Private fondling of the genitals (masturbation) occurs in both adults and children. Nearly all boys and many girls discover the pleasure of masturbation before or during the teen years. Masturbation causes neither physical or psychological harm. It is a normal activity and a natural release of sexual tension. Many parents remain totally unaware that their pre-teens and teens masturbate. It is wise for parents to mention the fact of masturbation but not through direct questioning. This helps young people avoid unnecessary guilt and anxiety.

Most nine to twelve year olds are very interested in babies. Understanding how babies develop inside the mother fascinates them. Questions about intercourse are sure to arise. Honest, factual answers are best because children hear many stories from friends. Adult emotions involved in sexual intercourse are beyond the capacity of the pre-teen to comprehend. They want to know why adults have intercourse, when this is ok, and whether this will ever appeal to them personally. Once curiosity and interest are satisfied, attention should readily turn to daily activities; school, sports, ballet, building models, music, reading and climbing trees.

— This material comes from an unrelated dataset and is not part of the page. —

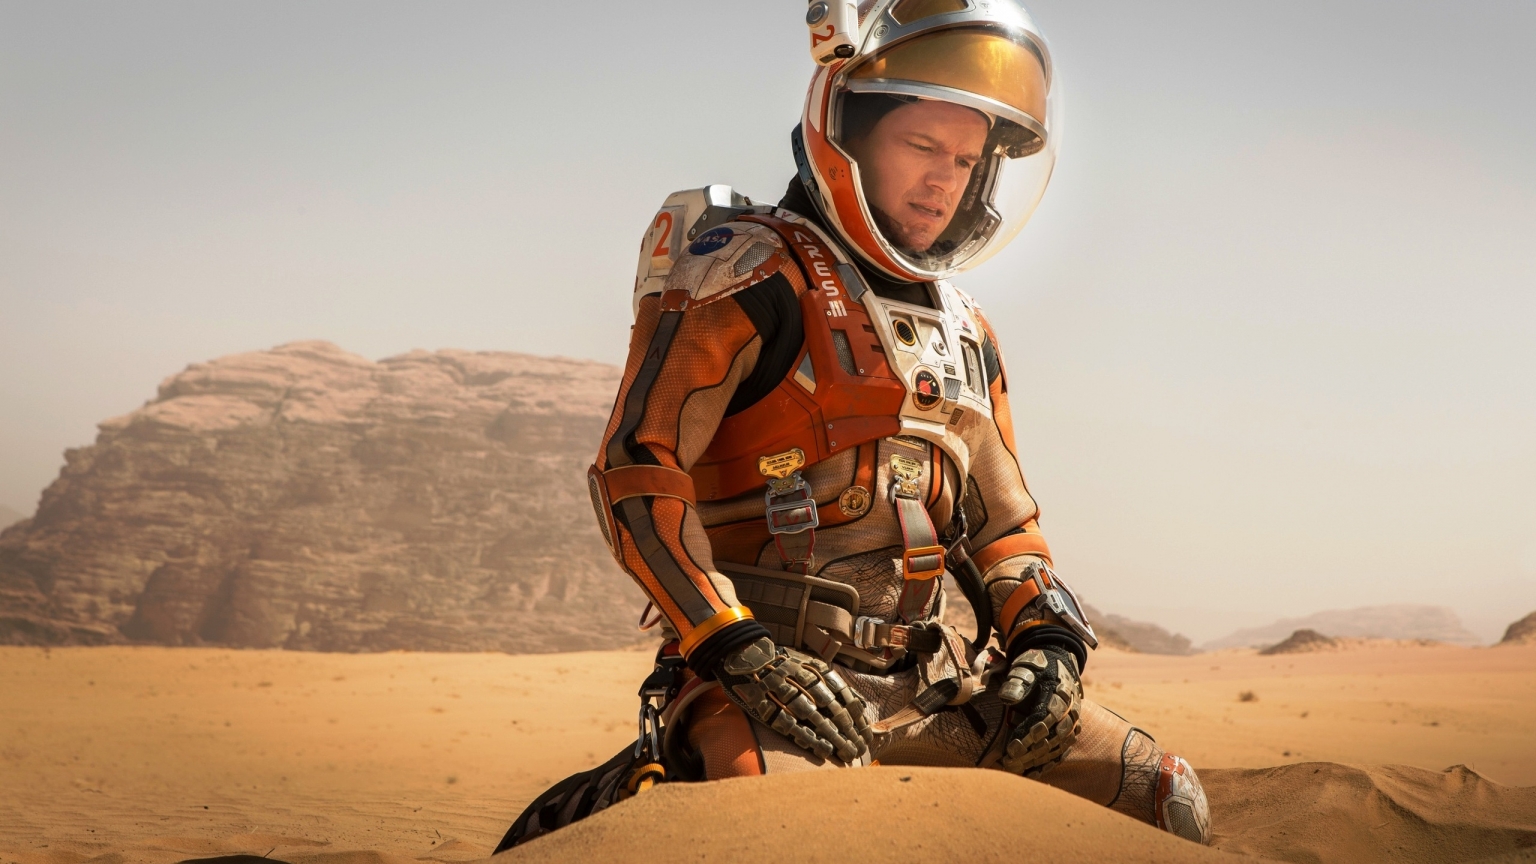 The Martian Matt Damon for 1536 x 864 HDTV resolution

Young people today are aware of the constant appearance of sexual themes on television and in magazines. Therefore, it is especially important that parents reinforce positive values about sexuality. Parents can show that the joy and wonder of sexuality is a gift to be treasured. Children can learn that the value of sexual activity depends on the circumstances involved. The child learns attitudes which will enable him to grow into a warm and loving person or into one who misuses his sexuality. Parents are very important in helping children establish values which will lead to responsible choices of behavior that can mean long-lasting happiness.


Families that have been able to talk about everything together in the pre-teen years are fortunate. When questions have been honestly answered and when no topic is taboo, a foundation of understanding is laid. Young people need guidance and understanding from parents if they are to become mature independent adults themselves. Reaching adulthood has always had its problems - and attaining maturity today is in some ways more difficult than it was for those who are now parents. Do you remember the questions you had as a teen? The worries? The sexual feelings? Our children have the same questions, feelings and worries today! Learning to be comfortable with the opposite sex; learning how to deal with the intense sexual feelings which come about in adolescence; learning to relate in healthy ways to other people' deciding on goals for the future; coping with pressures of school, friends and society; all this is involved in becoming an adult. Physical maturity is more quickly and automatically reached than emotional and psychological maturity. Only as teens work through the kinds of situations where they must make decisions about their own behavior, can they become the mature independent adults their parents hope for.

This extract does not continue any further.